Endocrinology: Growth
Endocrinology 1
Lin Yang, Ph.D
Children's Hospital of Fudan University
Shanghai, Shanghai, China (People's Republic)
Hui Xiao (she/her/hers)
NA
Children's Hospital of Fudan University
Shanghai, Shanghai, China (People's Republic)
The annual number of small for gestational age (SGA) births is ~1,072,100 in China, and SGA survivors remain at a high risk of adverse prognosis. It is crucial to identify disease disorders and predict prognosis for the SGA population.
Objective:
We aimed to describe the genetic characteristics and design a prognosis prediction model of SGA newborns.
Design/Methods:
This retrospective cohort study enrolled 723 SGA newborns from the China Neonatal Genomes Project (CNGP) between June 2018 and June 2020. Clinical exome sequencing was administered to each newborn. All SGA newborns were followed up over 2 years to document any documented any physical growth delay, neurodevelopmental delay, or death, either of which was classified as a poor prognosis. The gene-based collapsing analyses and the gene burden analysis were applied to identify the risk genes for SGA and SGA with poor prognosis. The Gradient Boosting Machine framework was used to generate two models to predict the prognosis of SGA.
Results:
Of the 723 SGA newborns (439 [60.7%] males; mean [SD] age, 36.5 [3.3] weeks; mean [SD] birth weight, 2002.1 [626.8] g), 88 (12.2%) had genetic diagnosis, including 42 (47.7%) with monogenic diseases and 46 (52.3%) with chromosomal abnormalities. SGA newborns with genetic diagnosis presented higher rates in the proportion of severe SGA (birth weight less than the third percentile), and in the proportion of poor prognosis during follow-up than SGA without genetic diagnosis. SGA with chromosomal abnormalities showed higher proportions in physical growth and in neurodevelopmental delay than those with monogenic diseases (45.7% vs. 19.0%, P = 0.012). Risk genes for SGA and SGA with poor prognosis were enriched in development-related pathways.
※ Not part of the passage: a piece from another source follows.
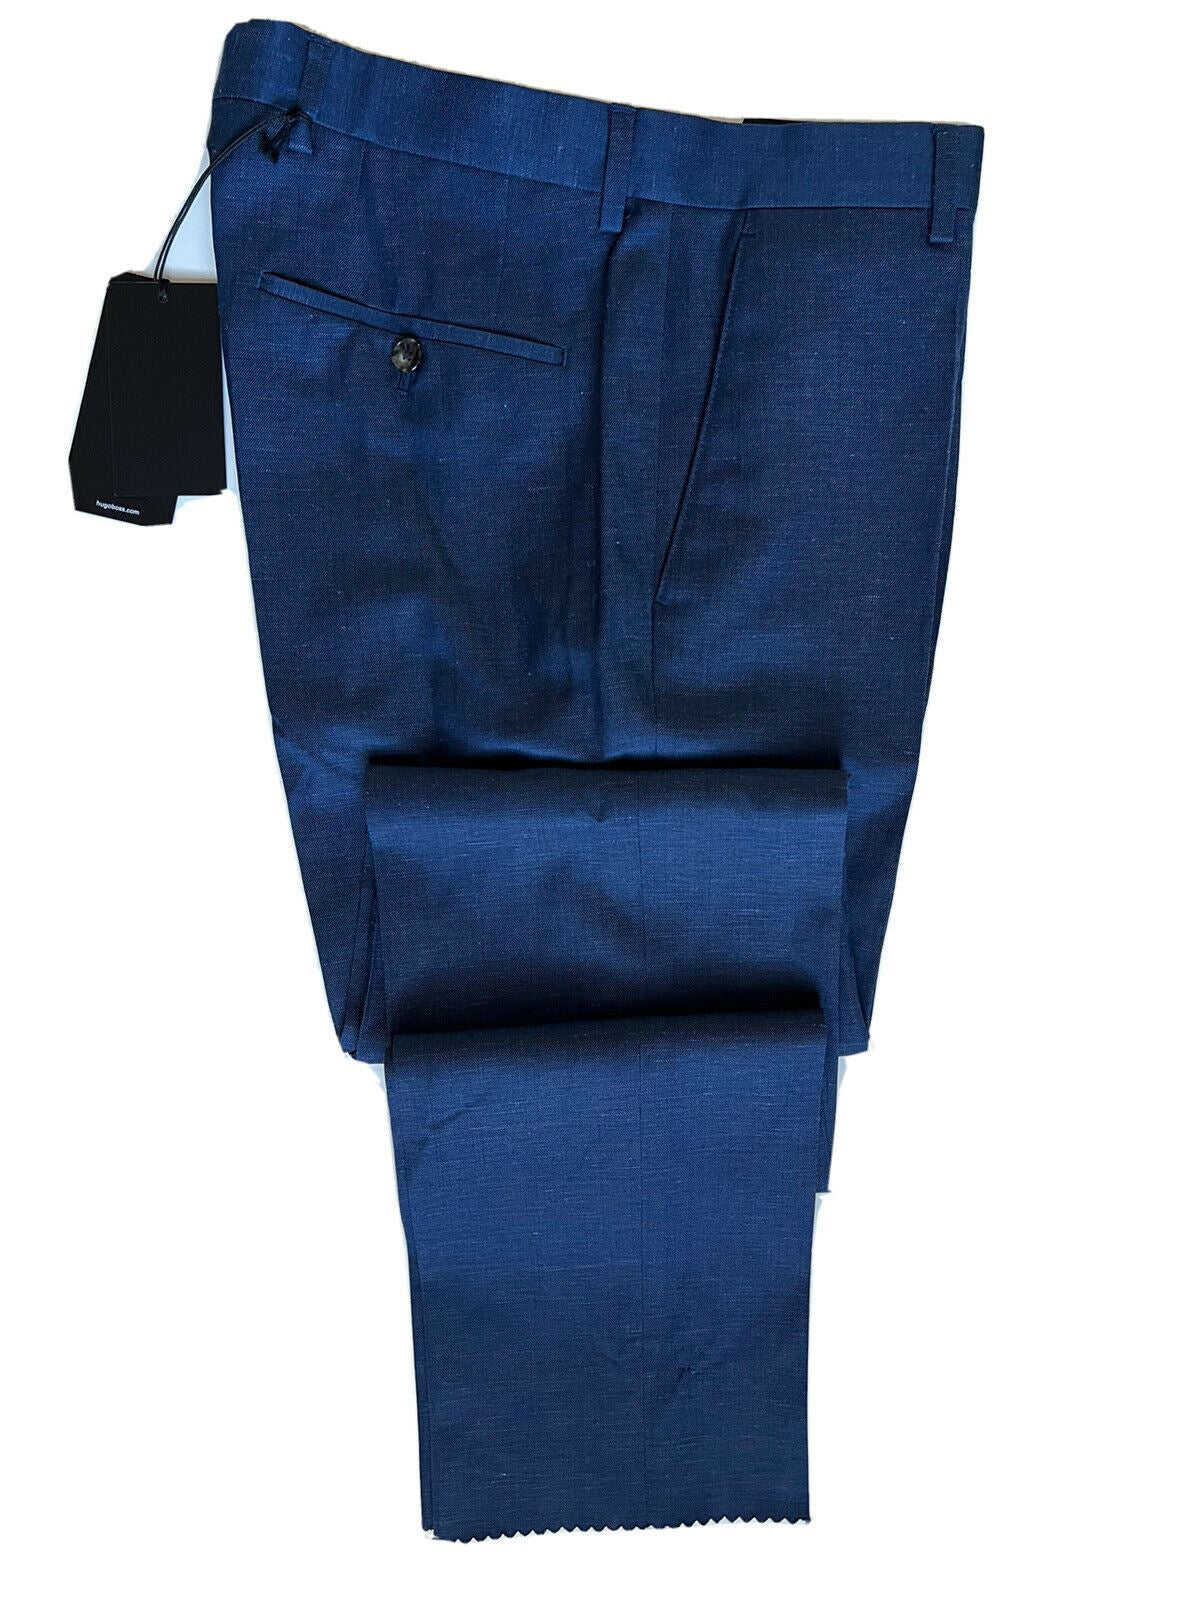 Neu mit Etikett: 245 $ Boss Hugo Boss Genesis4 Herren-Anzughose aus Wolle/Leinen in Blau, Größe 30 US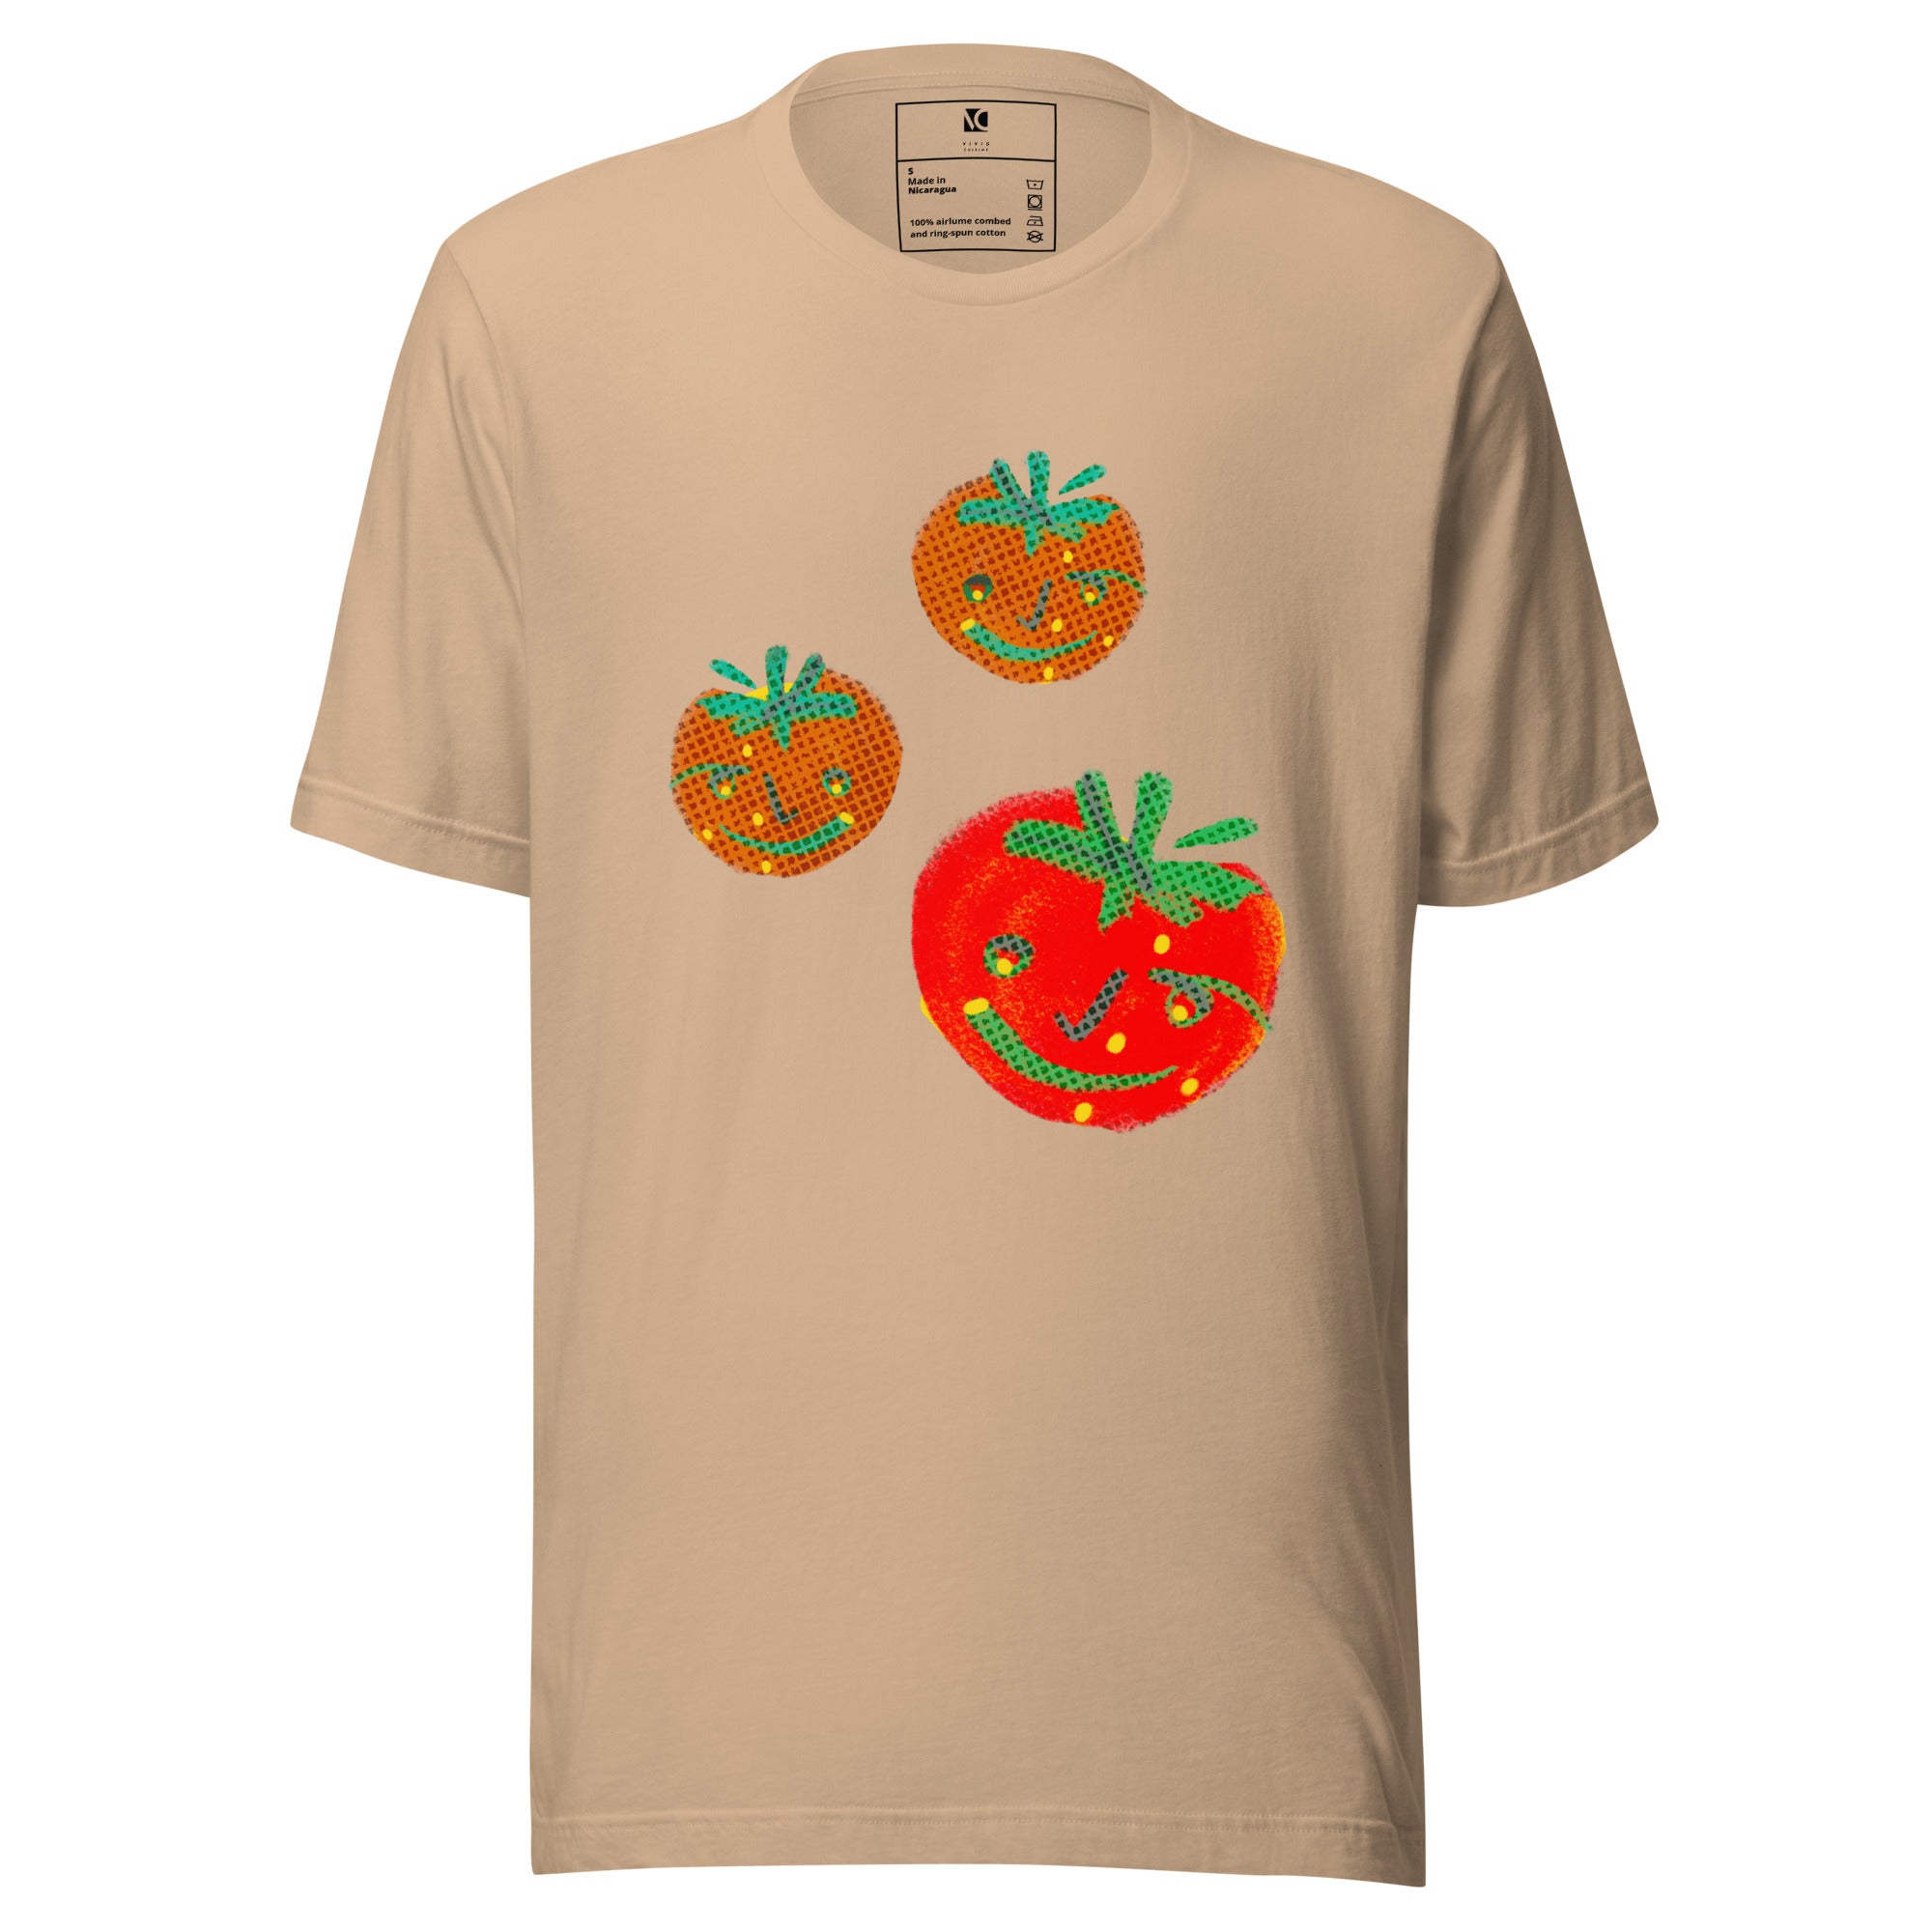 Pomodoro - Unisex T-Shirt

The SGA prognosis prediction model combining clinical and genetic factors achieved a higher area under the receiver operating characteristic curve (AUROC=0.82, 95% confidence interval [CI] 0.73-0.92) than the model using only clinical factors (AUROC=0.71, 95%CI 0.61-0.81; P =0.032).
Conclusion(s):
Genetic characteristics of SGA newborns included monogenic diseases and chromosomal abnormalities in approximately equal proportions, SGA newborns with chromosomal disorders had worse prognosis. The SGA prognosis prediction model combining genetic and clinical factors performed better. The application of next-generation sequencing in SGA newborns is helpful for early genetic diagnosis and clinical prognosis prediction.